─── Recorded data

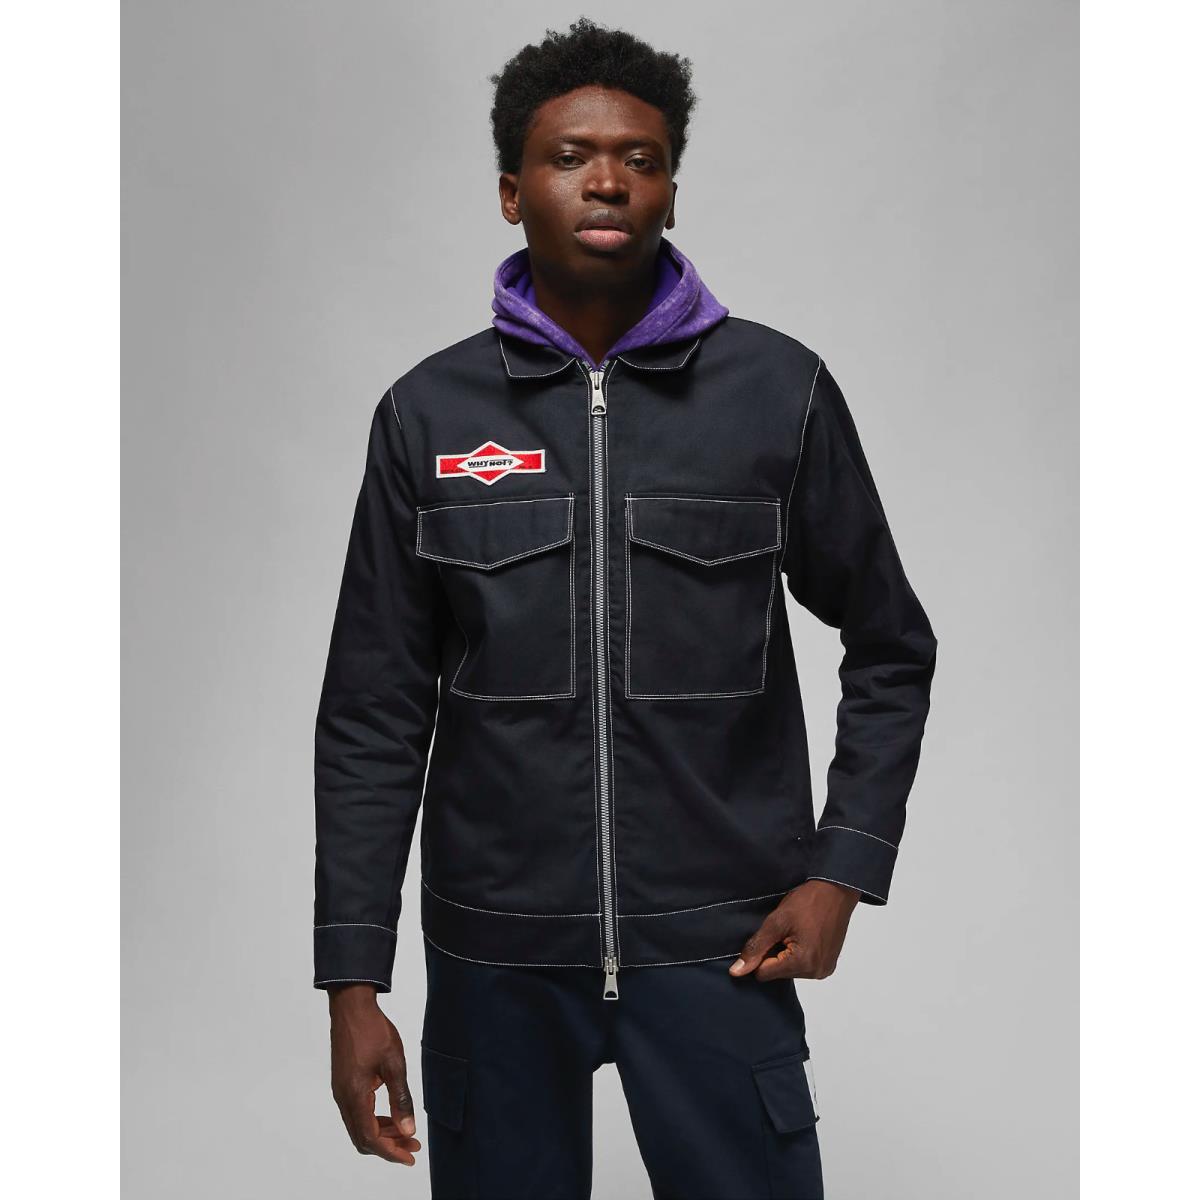 Jordan Why Not Denim Jacket DX0598-010 Black Men S XL
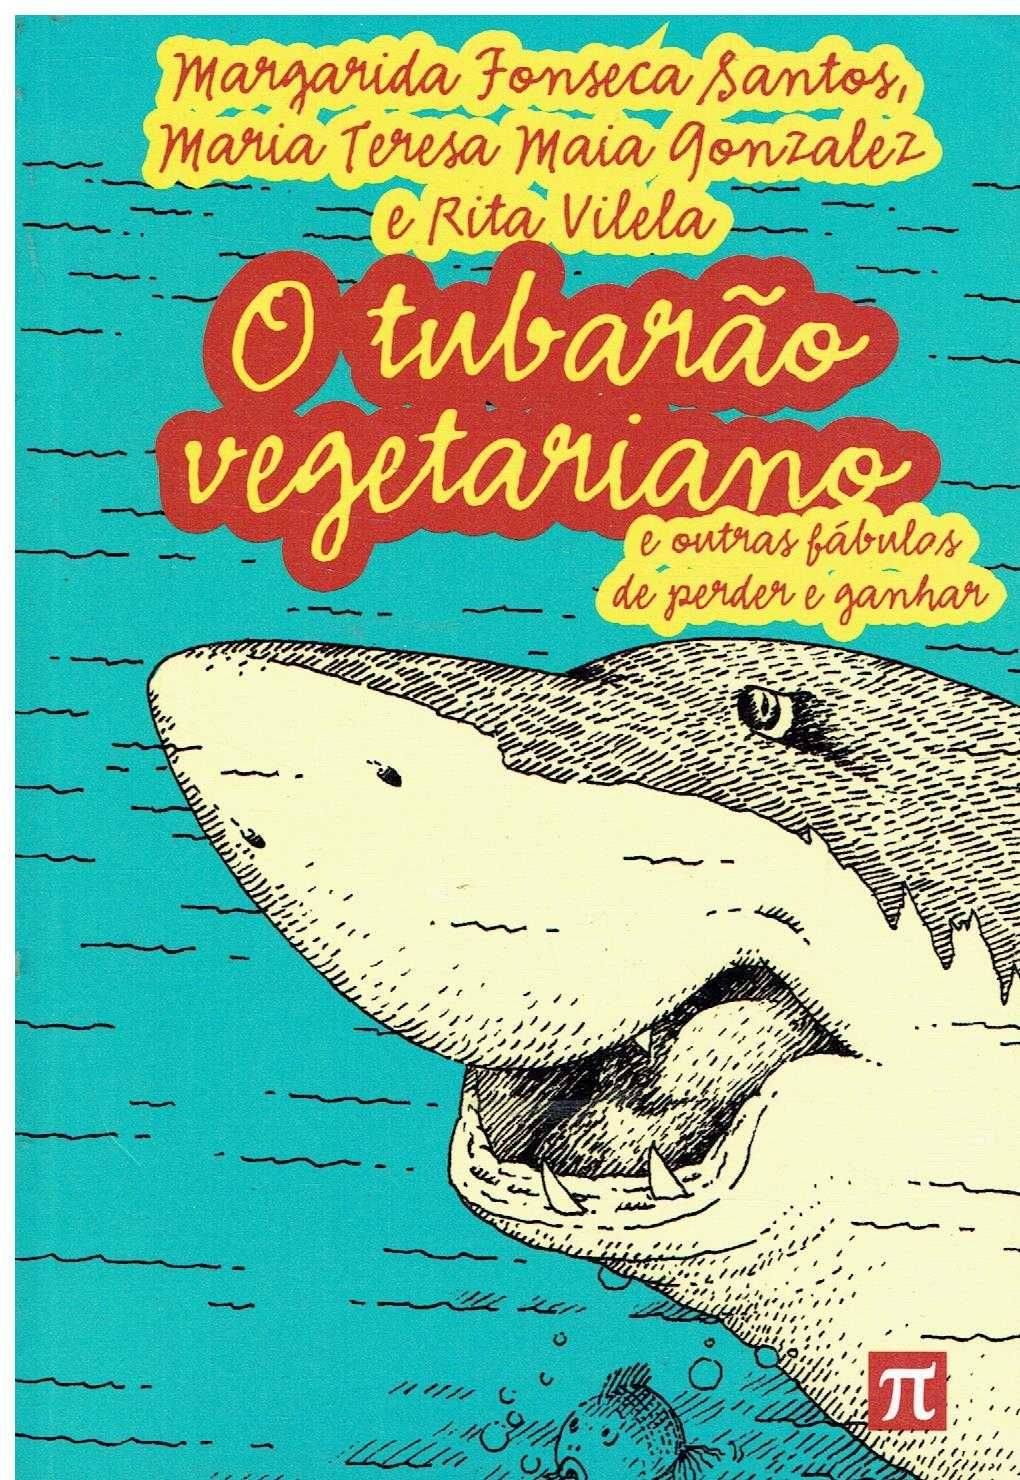 14044

O Tubarão Vegetariano
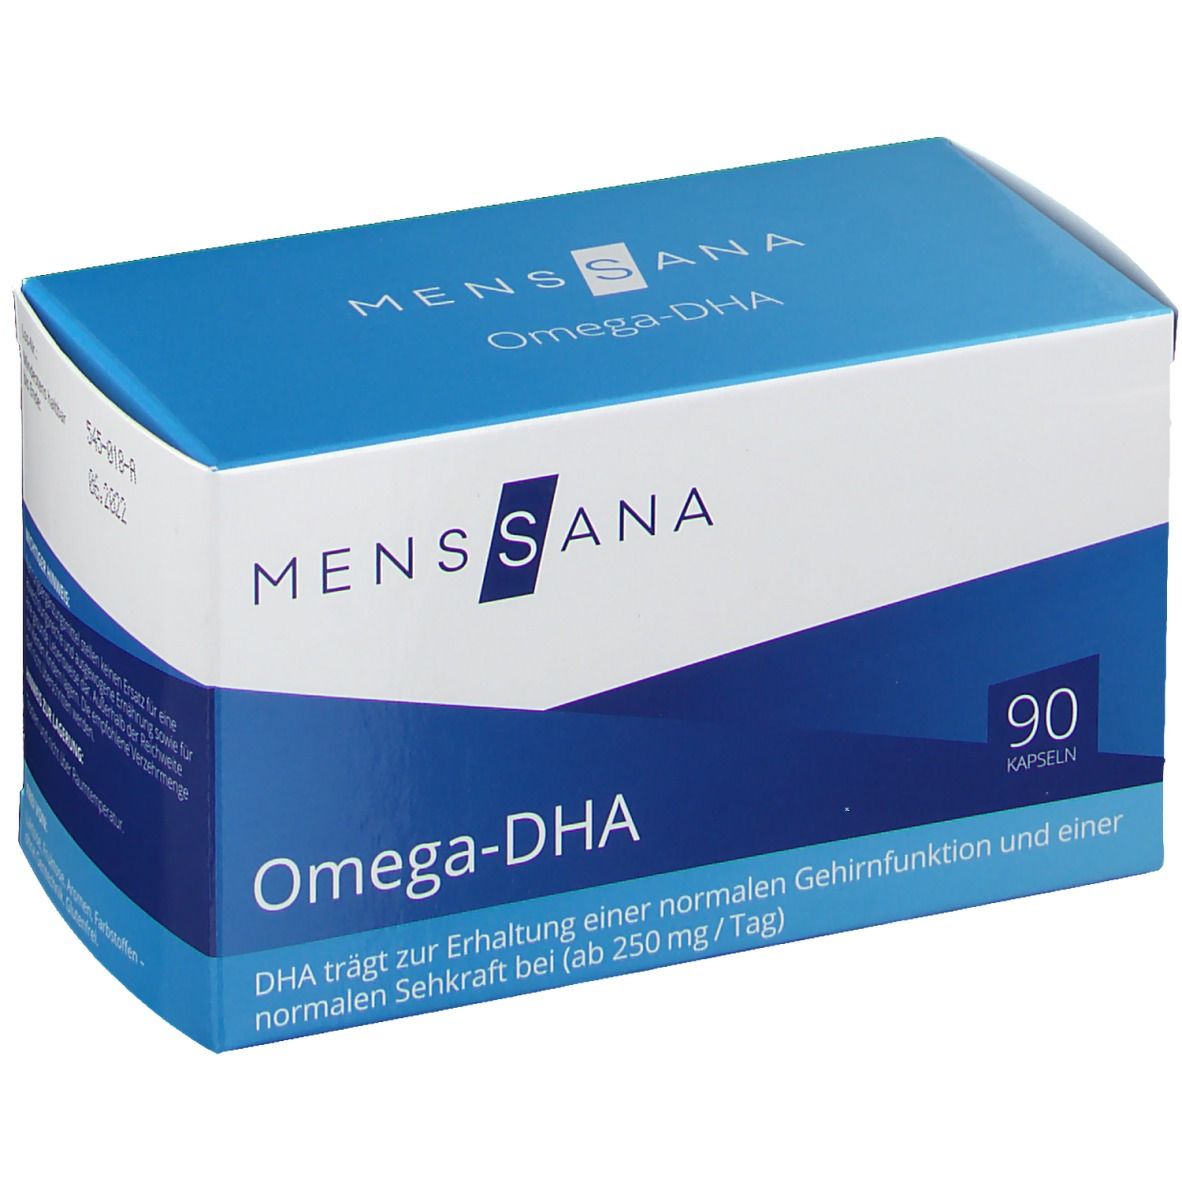 Image of MensSana Omega-DHA

──────

#### Your instructions
What the reply must contain is an exact transcription of the data above and none of its pictures.

#### Solved exercise
 Jordan Why Not Denim Jacket DX0598-010 Black Men S XL
 14044

O Tubarão Vegetariano
 Image of MensSana Omega-DHA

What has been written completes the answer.